The Seamless Garment of Life

June 10, 2011

When Chicago’s Cardinal Bernardin was dying of cancer, Chicagoans responded as they did when they heard that President Roosevelt had died. The announcement brought the city of broad shoulders to its knees. The Tribune quoted the Cardinal as saying he faced death with peace and that it was a gift from God.

Jeremy Langford, a young editor from Loyola Press, was working with the cardinal on a memoir that after Bernardin’s death would become the inspirational bestseller The Gift of Peace. Jeremy asked the cardinal, “Did I misunderstand what you said to the press? Was the gift from God knowing when you are going to die or the sense of peace?” The Cardinal smiled and answered, “Many people misunderstood. It’s interesting, isn’t it? We can understand cancer but peace is less comprehensible.”

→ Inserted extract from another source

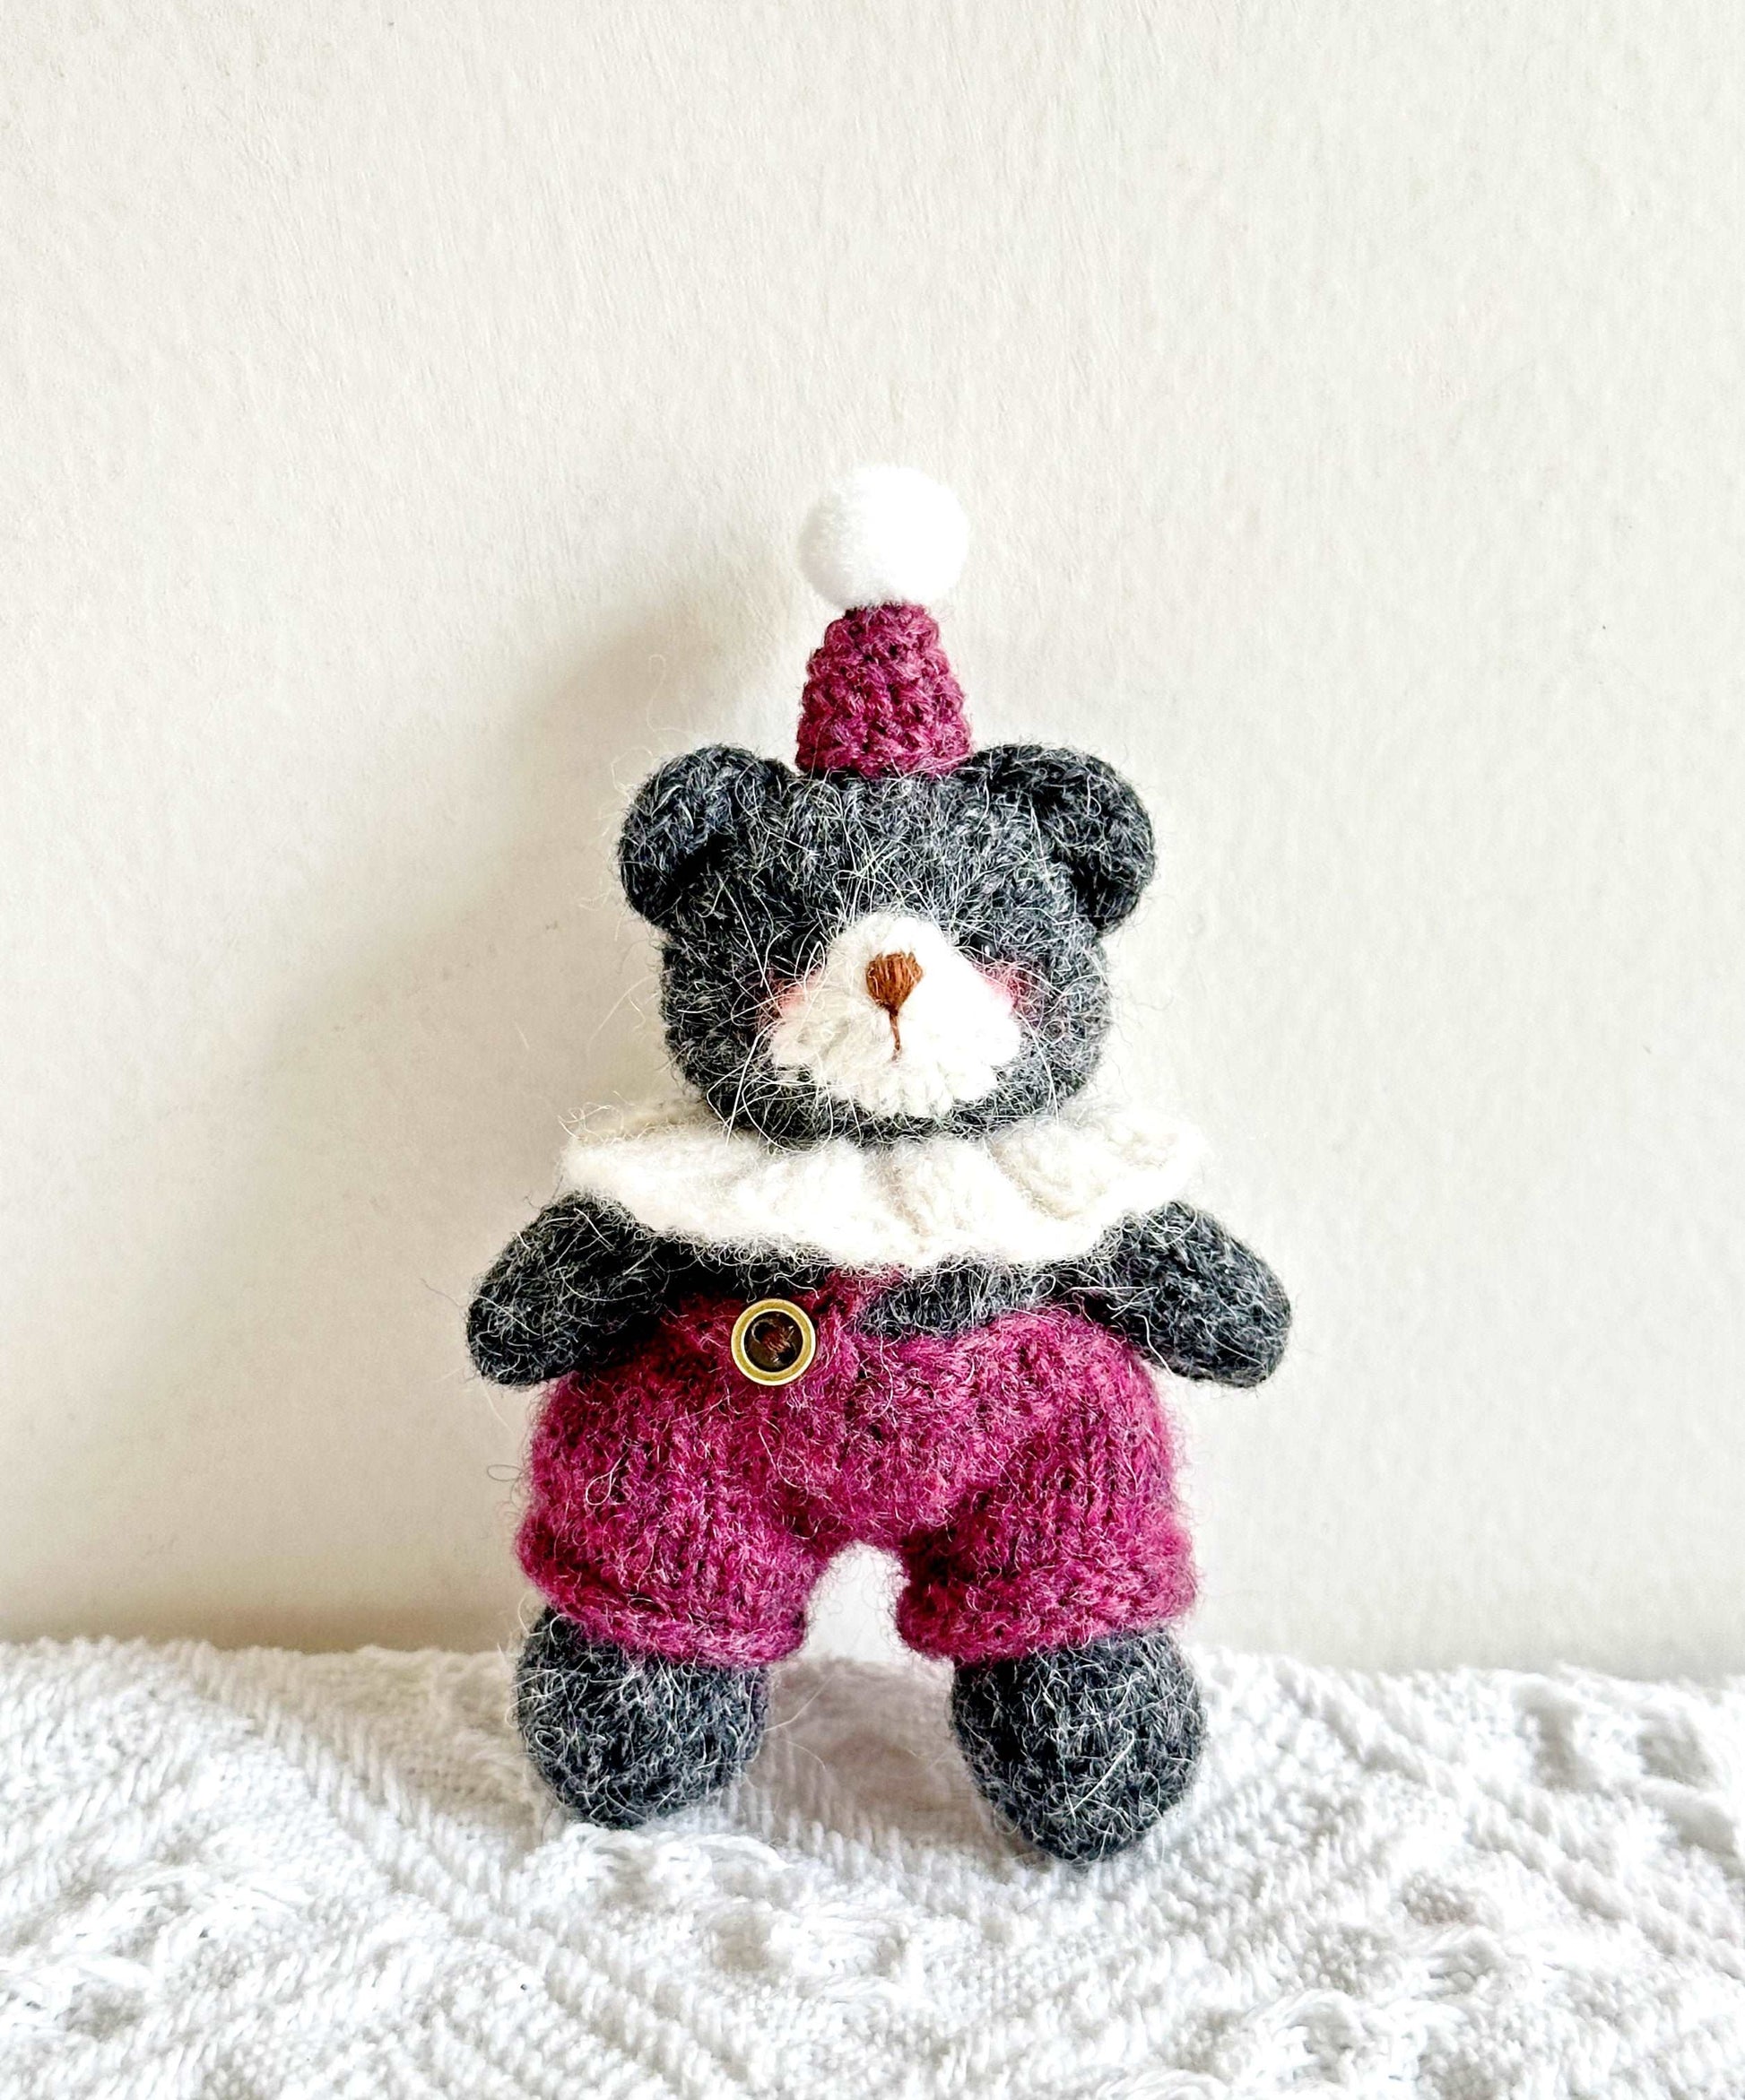 Delightful Crochet Teddy Bear Figurine as Gift or Décor

After his death not only Chicagoans but Catholics everywhere would remember Joseph Bernardin for teaching us how to die with dignity. Few would remember how he taught a whole world to live with dignity through his profoundly Catholic idea, the Seamless Garment of Life. Isn’t it interesting? We can understand the inevitability of death, but the sanctity of life is less comprehensible.

Here is Cardinal Bernardin’s gift to the world.

The Seamless Garment of Life is not a theory but a principle that all life is sacred, from womb to tomb, in the unborn and the dying, in the murderer on death row and the mother in a coma, in the soldier in Afghanistan and the homeless family in Iraq, in the child abused by a pedophile and the pensioner who can’t afford a doctor, in the oil-poisoned Gulf and the coal mines of Pennsylvania, in the Arab and in the Israeli. “When human life is considered ‘cheap’ or easily expendable in one area,” said Cardinal Bernardin, “eventually nothing is held as sacred and all lives are in jeopardy.”

The Seamless Garment of Life is not a religious belief but a spiritual understanding that all of us are one.

I stay Catholic because the Church has a consistent ethic of life. The seamless garment is not always comfortable, but it fits all sizes.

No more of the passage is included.